When the text is plainly wrong rather than missing, the fault is almost always at the station rather than in your car. A stale or stuck title usually means the broadcaster's encoder lost contact with its music system, so tuning to a different station is the quickest way to confirm your radio is fine. If your own receiver seems frozen, toggling the radio text option off and back on, or briefly switching the unit off, normally refreshes the display.
Usage Of RDS In Other Appliances To Control Electricity Consumption
In addition to radios, this RDS technology could be used in many other appliances, including clothes dryers, water heaters, swimming pools, dishwashers etc. It would facilitate time-based pricing to exercise better control of electricity consumption during periods of high usage (when the cost of electricity is higher). It would also assist in better load management for electricity grids.

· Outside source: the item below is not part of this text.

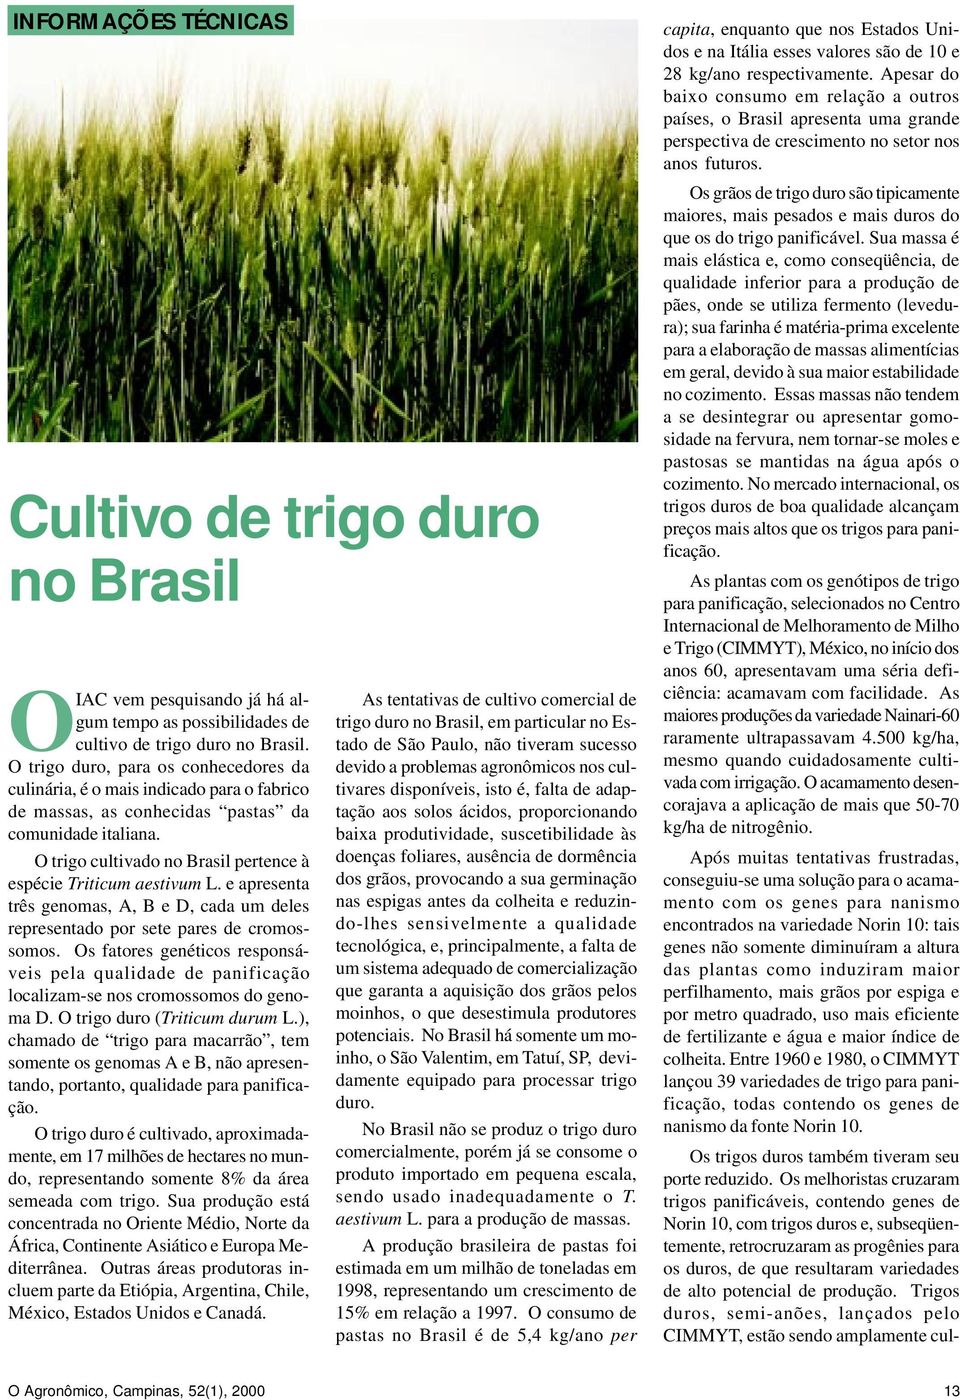 O trigo cultivado no Brasil pertence à espécie Triticum aestivum L. e apresenta três genomas, A, B e D, cada um deles representado por sete pares de cromossomos.

It could also help public service broadcasters break in on commercial radio transmissions to broadcast emergency warnings, which could prompt the rapid dispersal of very urgent news to the masses in an effective way.
Looking at the little bursts of information flashing on the display of your car radio, did you ever realize that the technology behind it could significantly help energy conservation or save lives in the event of a disaster? Probably not, but you will now!